Наконец усадили о. Ивана. Сын Николай, у которого от слез запухли глаза и крупичатое лицо покрылось красными пятнами, с безнадежной услужливостью подтыкивал веретье, запахивал отцу полы и закрывал ноги сеном, труся его дрожащими пухлыми пальцами.

– Дорогой холодно будет, папаша. Солнце-то оно обманное – никакого тепла в нем нет. Позвольте вашу ножку.

С тою же надменностью, словно совсем не замечая сына, поп отдавал то одну ногу, то другую я глядел поверх дуги. Не обратил как будто внимания и на то, что Николай вдруг громко захлипал, заплакал и, имея руки занятыми, пытался вытереть слезы о свое же плечо. Но внимательные бабы заметили и прослезились.

– Как Николай-то убивается! Ай-ай-ай-ай, как убивается!

– Не видать ему теперь своего папашеньки.

– Какое видать! Дай Бог, если самого на колокольне не посадят.

– Распотрошился поп.

– Николай-то как убивается! Ай-ай-ай-ай, как убивается!

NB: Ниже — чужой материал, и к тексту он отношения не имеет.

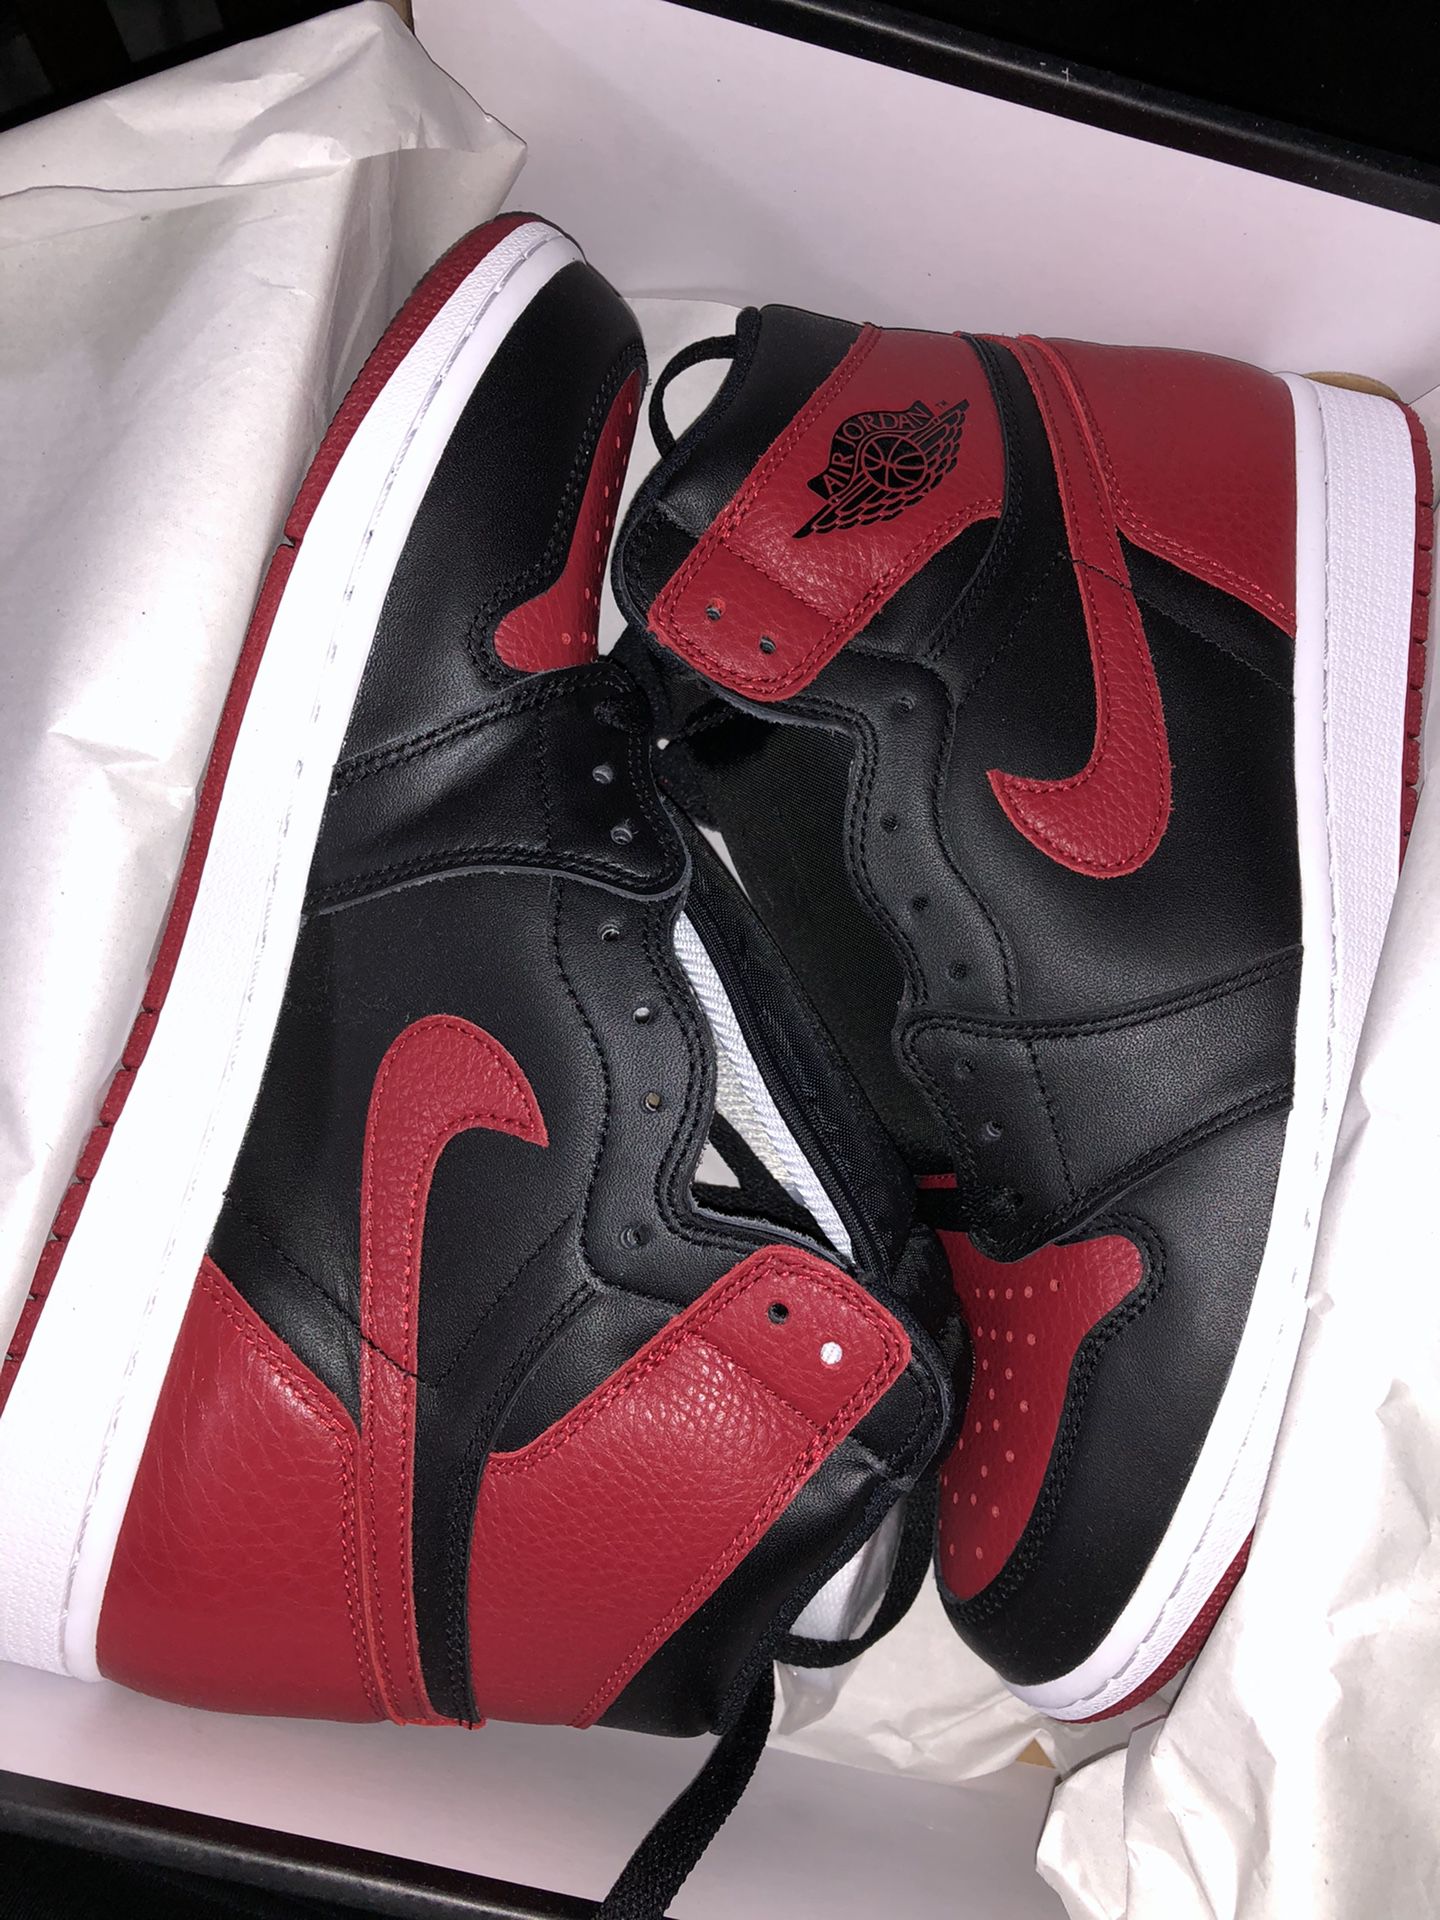 Barely used banned Jordan 1 Bred 2016 size 10

Отчаянно взмахнув рукой, Николай крикнул:

– Трогай!

Но не успели лошади сделать и двух шагов, как с тем же отчаянным жестом Николай закричал:

– Стой! Стой!

Разбрызгивая лужи и завязая в грязи, подбежал к повозке и схватил отца за рукав:

– Папаша, перед домом-то… Я же тут родился, папаша. Снимите заклятие, снимите! На колени стану!

Он, действительно, как был в шелковом подряснике, так и опустился на колени в грязь.

– Снимите. Даже не как отца, а как священнослужителя… прошу… прошу. Папаша!

Отец Иван сердито крикнул:

– Трогай!

Но кучер не послушался; и, ударив кучера кулаком в спину, о. Иван закричал:

– Трогай, тебе говорю-у!

Лошади тронулись. Еще одну минуту стоял на коленях Николай, бессмысленно взывая: «Перед домом-то, папаша, перед домом-то», потом без шубы, грязный, полез в первую попавшуюся повозку; потом его одели и посадили уже как следует с чиновником, который, видя отчаяние его, взял на себя задачу разговорить его и утешить.

И поехали они. Голося колокольцами и бубенцами, нагоняла чиновничья тройка уехавшего вперед о. Ивана, а позади, не торопясь, плелся Сашка. Село было длинное, версты на две, и долго проезжали его; но ни разу не оглянулся поп Иван, не ответил на поклон, на чей-то громкий привет не ответил – будто по чистому полю или лесом глухим ехал он; как задрал вверх бороденку, садясь, так и держал ее: ни направо, ни налево, а все прямо и вперед к далекому, неизвестному, многообещающему знаку. Думал ли он вернуться в село, или же, ополчившись на сынов человеческих, надменно отрицал кривые избы, мужиков, самую грязную землю, по которой с великим трудом влеклась колымага, – он был тверд и злобно решителен. Не торопился и не медлил, а ехал так, как везли, и туда, куда везли; не приближал событий, но и не отдалял их, зная, что придут события в свое время и уйдут события в свое время, и длинная череда их завершится искомым знаком.